I could see Gracie was upset by this, but I couldn’t help it. It was because I wasn’t very nice. I was bad, but I wasn’t sorry.

My ambiguous relationship with the doll lasted for a few weeks – maybe more. I wanted her with me at all times, enjoyed her hopelessness, but at the same time there was an unease about the little thrill I always felt when I considered how easy it would be for me to hurt her. Gracie forgave me, convinced that my impromptu cruelties were mistakes, sheer moments of clumsiness she somehow linked with my having been largely mute.

In so many ways I loved that doll. I adored her angel face – truly I did. Those wide blue eyes meant no harm to anyone, and even though the smile did seem slightly too contented, she did look, at times, almost lost.

What motivated me most, though, was her inability to respond to my cruelty. I wanted her to feel it, to show it by crying or howling. Even just a little wince would have done. But no matter how hard I tried, Conceptua just grinned her hapless grin: angelic, harmless and utterly, dangerously,
provocative
.

One morning I took her down the garden and into the shed. I removed her clothes and laid her on a small, gritty shelf alongside some empty flowerpots. I took a small mallet from a rusty metal grip on the shed wall, and I examined it. I thought Conceptua would be feeling frightened by now: so exposed and uncertain. But she didn’t bat an eyelid. Just went on smiling. So I raised the mallet and hit her on the head with it. More smiles. I hit her very hard indeed, raised the mallet high above my head and smashed it down on hers. I didn’t stop until the face was broken up, and the smile in so many tiny fragments it no longer smiled.

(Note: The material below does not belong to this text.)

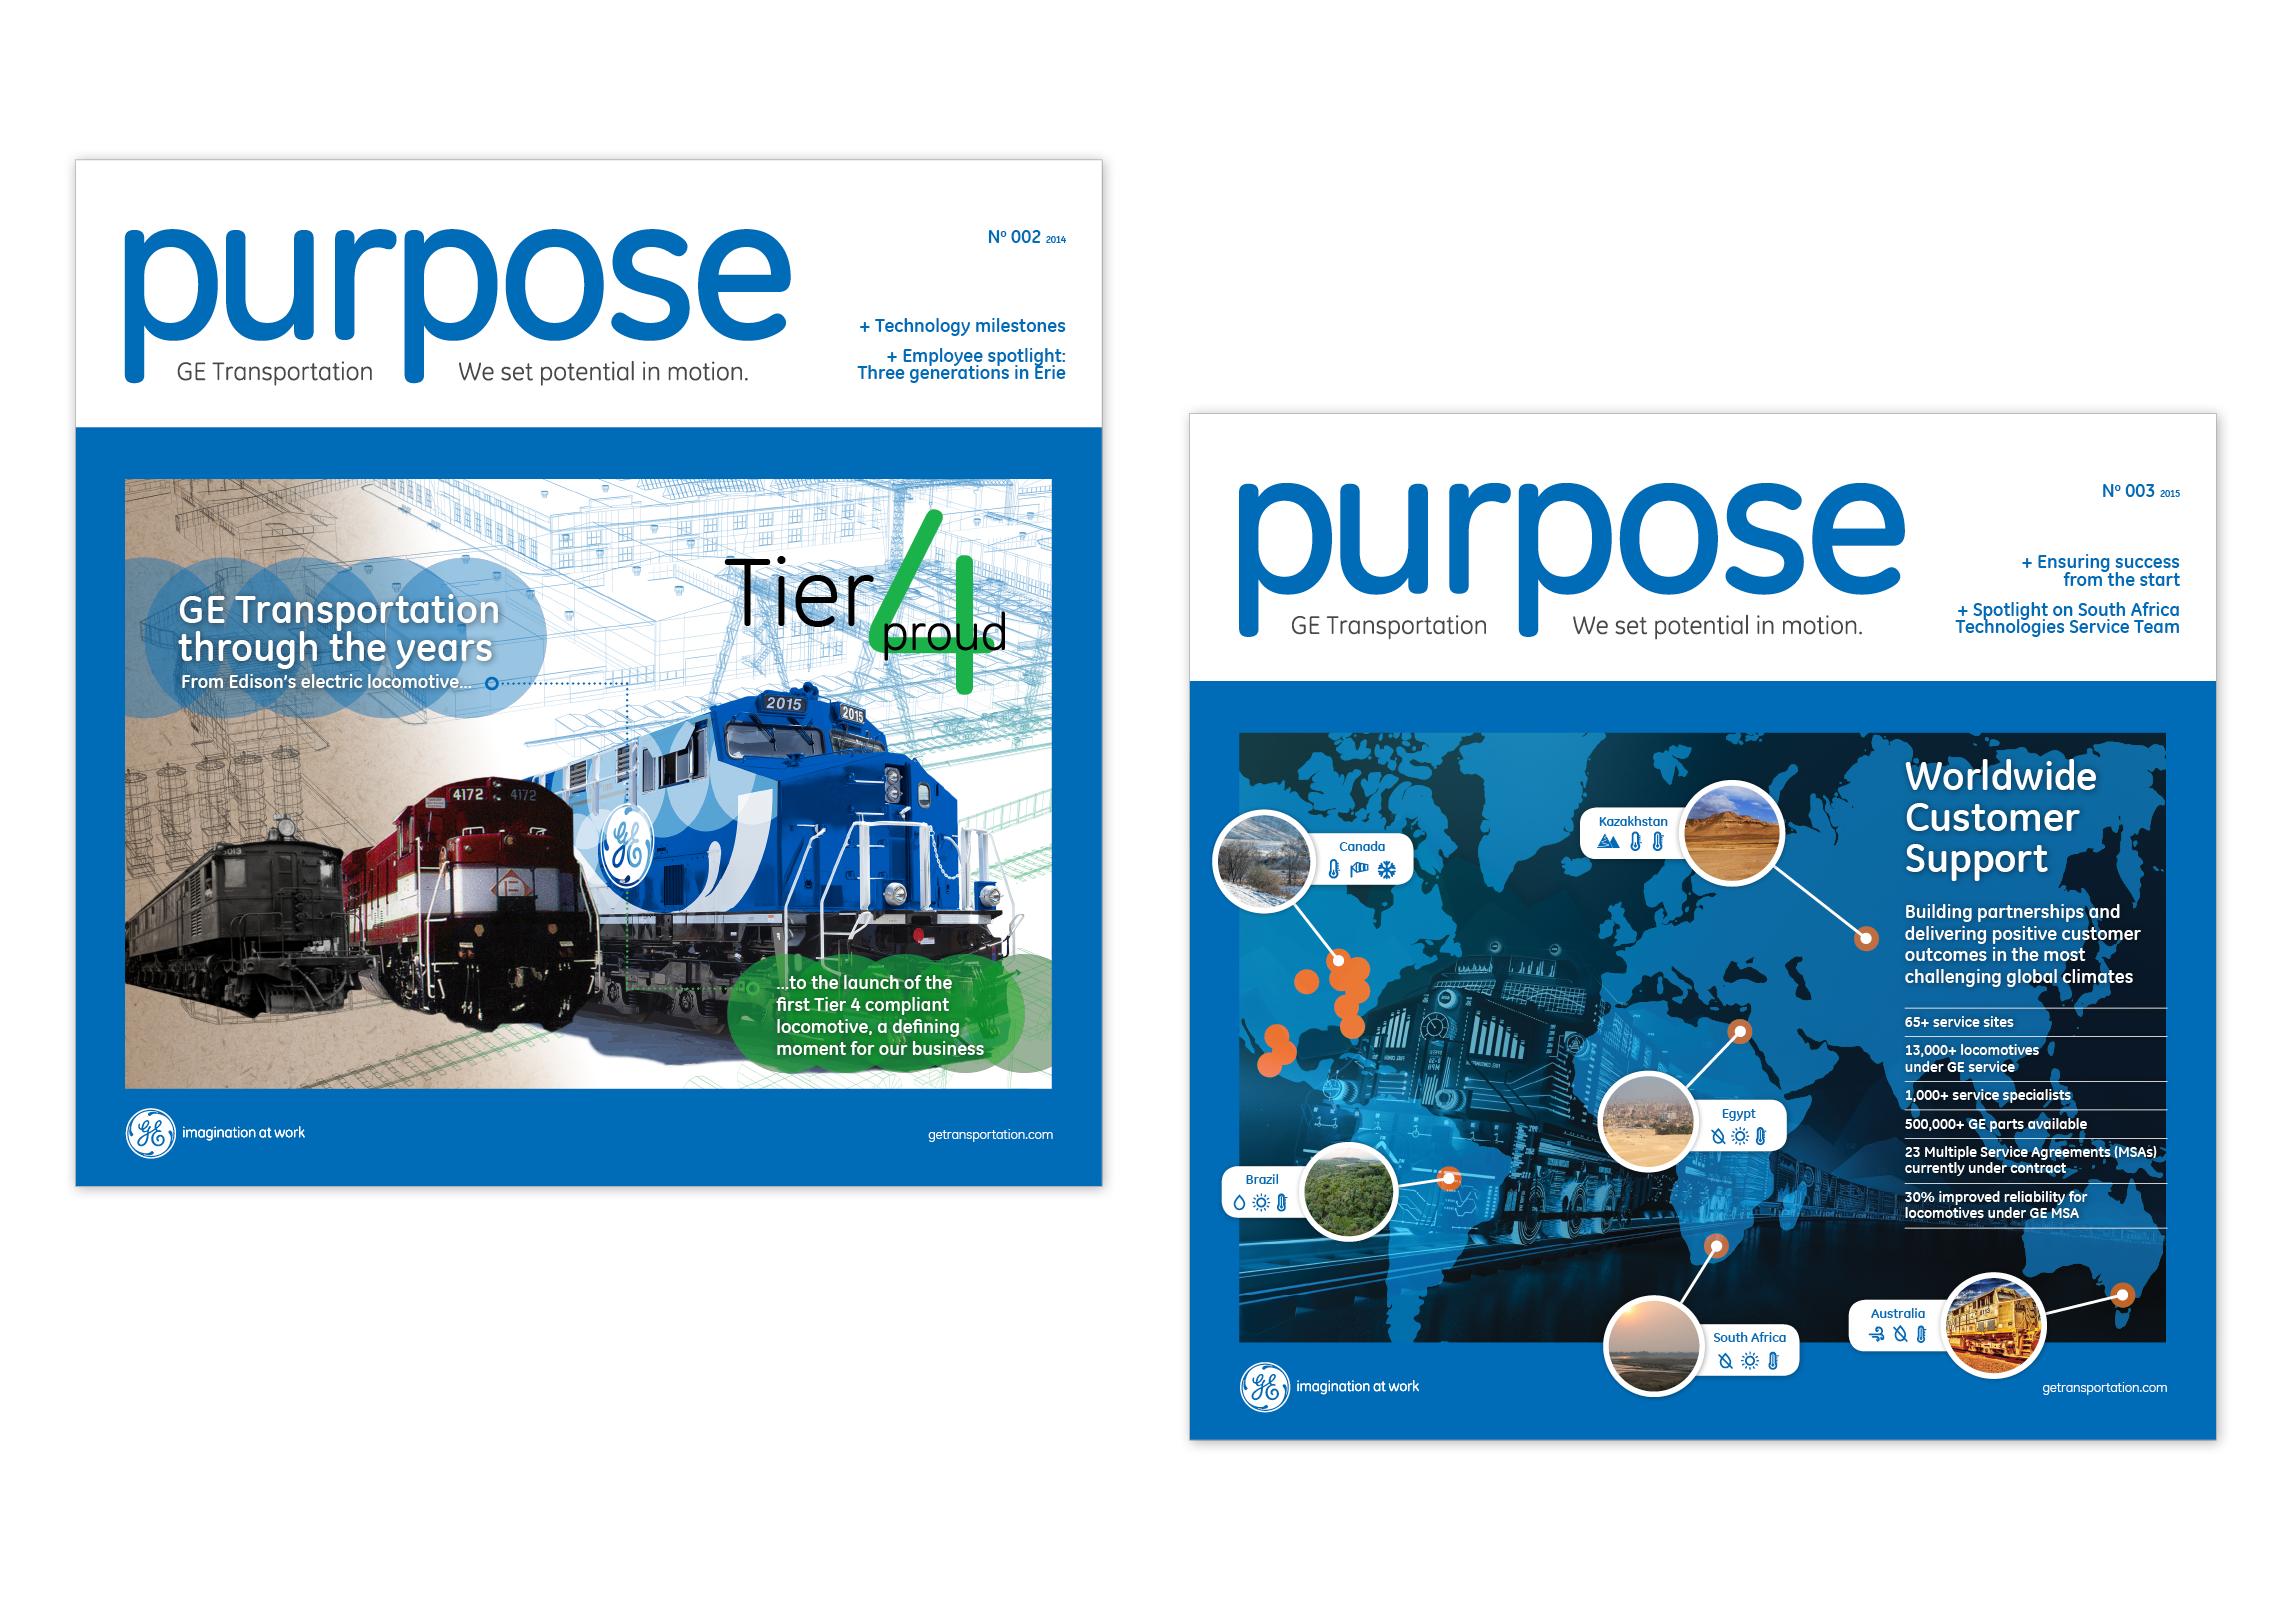 GE's purpose newsletter

I thought I heard the faintest scream – I wasn’t sure. It just showed how far you had to go to get a reaction.

I wasn’t pleased with my experiment. In fact, it had been something of a failure, for now the doll was gone. Gracie
couldn’t believe what I’d done, and kept suggesting other possible reasons for the doll’s demise, but I made it clear it was me. After that she must have thought I really was mad, but she didn’t ever tell a soul. Just kept on loving me.